2. The body loses its balance. The human body can judge direction and maintain its own balance, mainly by skin shallow receptors, Eye , the deep receptors in the neck and body, and the inner ear are jointly responsible, of which the inner ear is the most important. The semicircular canals of the inner ear as well as the utricle and saccule have primarily a balancing function. There are three semicircular canals, which are perpendicular to each other and form three sides of space. They receive external balance stimulation and transmit it to the balance center of the cerebral cortex through the vestibular nerve to regulate and manage the balance response.
3. Various physiological discomforts occurred. In daily life, some people often feel dizzy, uncomfortable in the upper abdomen, nausea, cold sweat, or even vomiting soon after getting in a car. This is especially worse when the car brakes suddenly, makes a sharp turn, or starts suddenly. The symptoms can be gradually relieved or recovered after getting off the car and resting for a while. For some people, symptoms of motion sickness can last for several days.
4. It may be due to spontaneous degeneration of the utricle that the otoliths fall off from the cystic plaque and are deposited on the posterior ampulla ridge.
5. Induce other symptoms. Inflammation or trauma can also induce this disease. For example, in the process of viral labyrinthitis or chronic suppurative otitis media, leukocytes, phagocytes or endothelial debris enter the endolymph; in brain trauma or stapes surgery, blood enters the endolymph and can form tangible particles that are deposited on the top of the ampulla crest. Barber reported that 47% of patients with longitudinal temporal bone fractures may experience positional vertigo, and 20% of patients without fractures may also experience this symptom. Dix and Hallpike (1952) reported 100 cases of otitis media, 26% also had positional vertigo. Ear surgeries such as tympanoplasty and mastoidectomy that damage the vestibule may also cause this disease. There are other complications. Lindsay and Cawthorne's pathology found that the utricle, superior semicircular canal, and lateral semicircular canal distributed by the anterior vestibular artery and superior vestibular nerve branches were degenerated, while the saccule and posterior semicircular canal were normal. Therefore, it was believed that hypertension, heart disease, and insufficient blood supply from the vertebral artery could cause embolism of the anterior vestibular artery, resulting in degeneration and detachment of the otolith membrane and deposition on the ampullar ridge.

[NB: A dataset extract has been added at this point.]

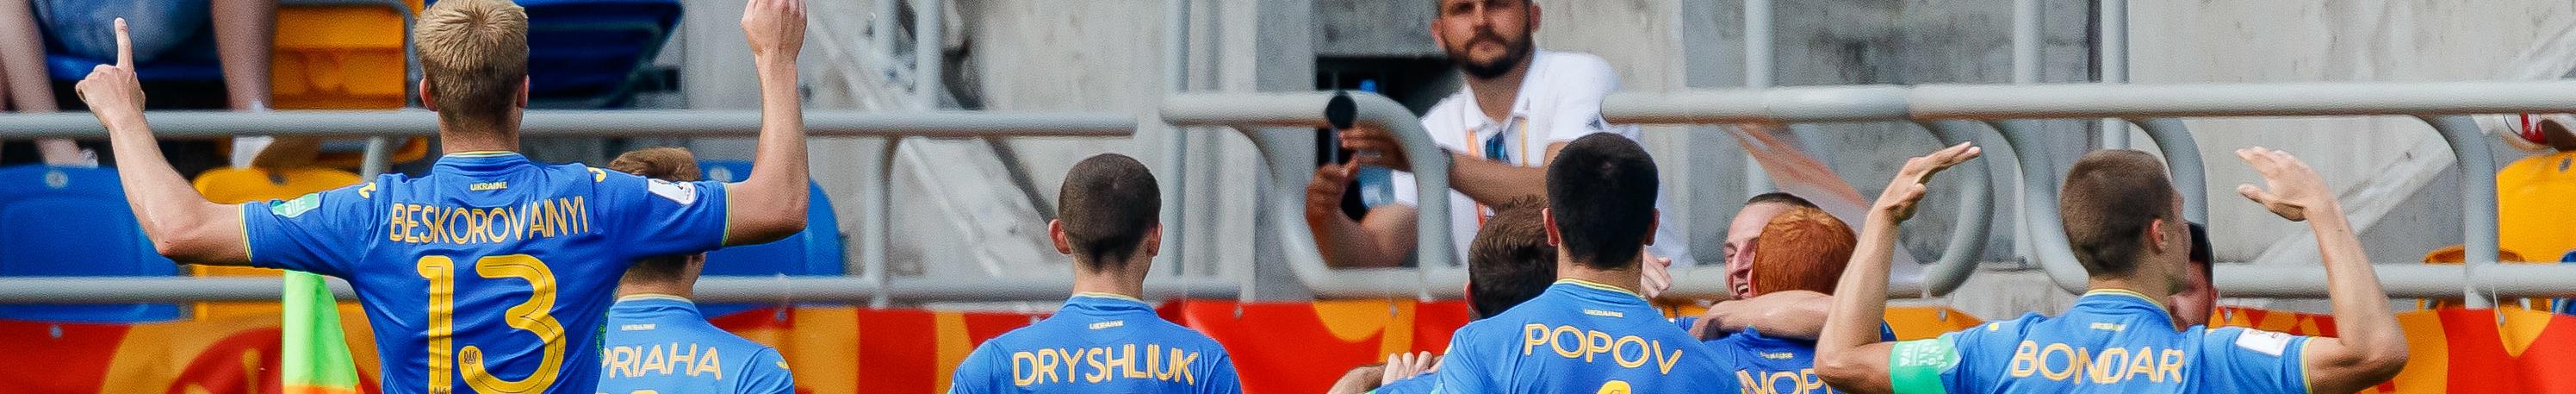 Ucraina-Corea del Sud U20, la finale dei (nostri) rimpianti

Don’t underestimate motion sickness. If this happens, resolve it as soon as possible.
Treatments for motion sickness
Here are some measures to deal with motion sickness.
1. Distract attention. The simplest, most effective and practical way is to wear headphones to listen to music and turn the volume up a bit, which can interfere with the human inner ear's response to balanced stimulation.
2. Eat haoning. Take 1 to 2 tablets with warm boiled water 40 minutes before boarding a car or boat, the dosage may be reduced for children.